I can check another of Jane Austen’s masterpieces off my list. Last night, I finished Emma, which Jane wrote and which was published in 1816, the year before she died.
It includes the dedication which is a major part of the Jane Austen mystery, Jane and the Waterloo Map, by Stephanie Barron. The dedication says: To His Royal Highness The Prince Regent, This work is, by his Royal Highness’s Permission, most respectfully dedicated, by His Royal Highness’s dutiful and obedient humble servant, The Author. No wonder the royals were so sure they were always right!
The Cincinnati Library provided this in a large type edition – it was 684 pages. And I now know probably almost all of the prevailing rules about who calls on whom, when, how and why in English manners and society in the early 1800s. Whew! I am glad life is so much simpler now. And texting doesn’t involve a lot of social rules.
Emma is a 21-year-old member of the gentry, wealthy in her own right, sweet and naive in some ways, but also quite sure she knows who belongs with whom, how things should be done, and is very willing to act on those beliefs to arrange and fix the lives of her friends. We definitely would recognize Emma today, though this book is over 200 years old. She is also living in a fairly backwater part of England, which gives her just a small segment of society to work on, and we get to know them all very well.

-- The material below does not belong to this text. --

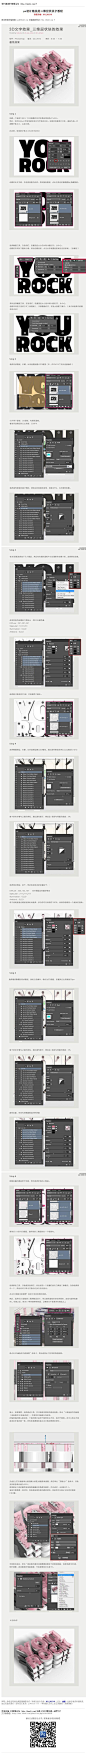 #3D立体字#《photoshop设计精美的三维层状块字教程》 PS 3D功能的又一新教程，翻译水平有限，大家自勉学习——。 教程网址：http://www.16xx8.com/photoshop/jiaocheng/2014/135155.html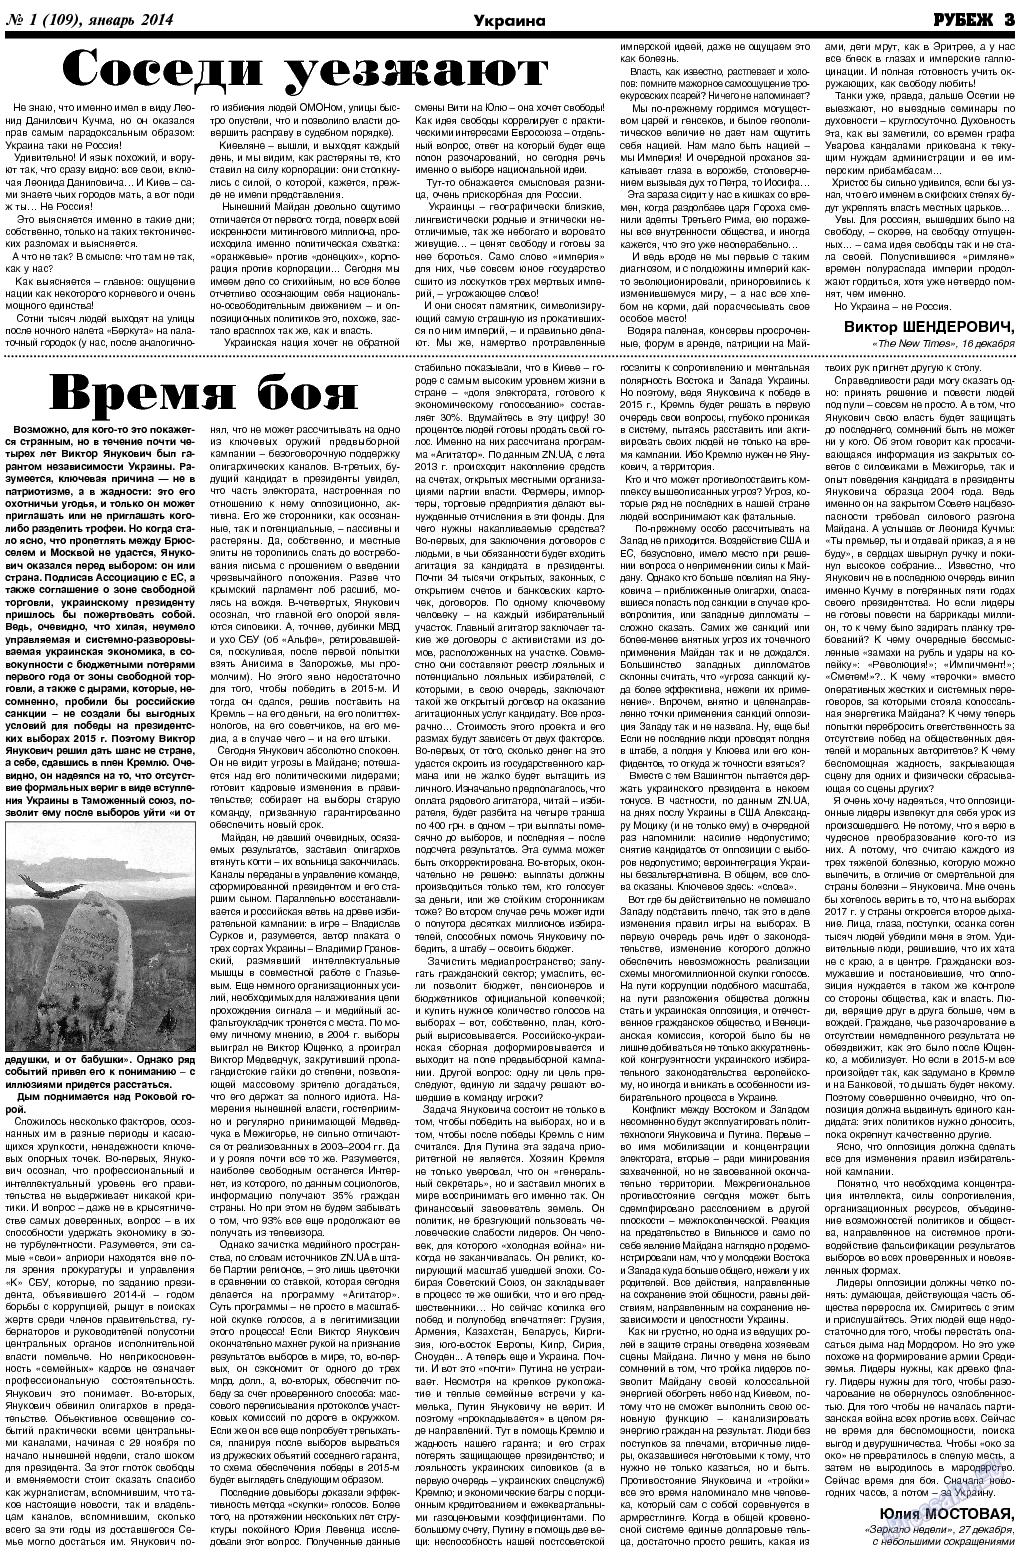 Рубеж, газета. 2014 №1 стр.3

Needless to say, Emma is almost always, and flamingly, wrong. So there is a lot of Jane’s subtle humor in these pages. Emma is, though, very good hearted, and very smart in some ways, while also missing clues right in front of her. As well as always insisting she herself, while working to marry off friends and acquaintances, will never marry.
The book ends well, which I always appreciate. And is fairly lighted-hearted and fun. It also could have been written yesterday or tomorrow, thus demonstrating Jane’s genius and gifts. Enjoy!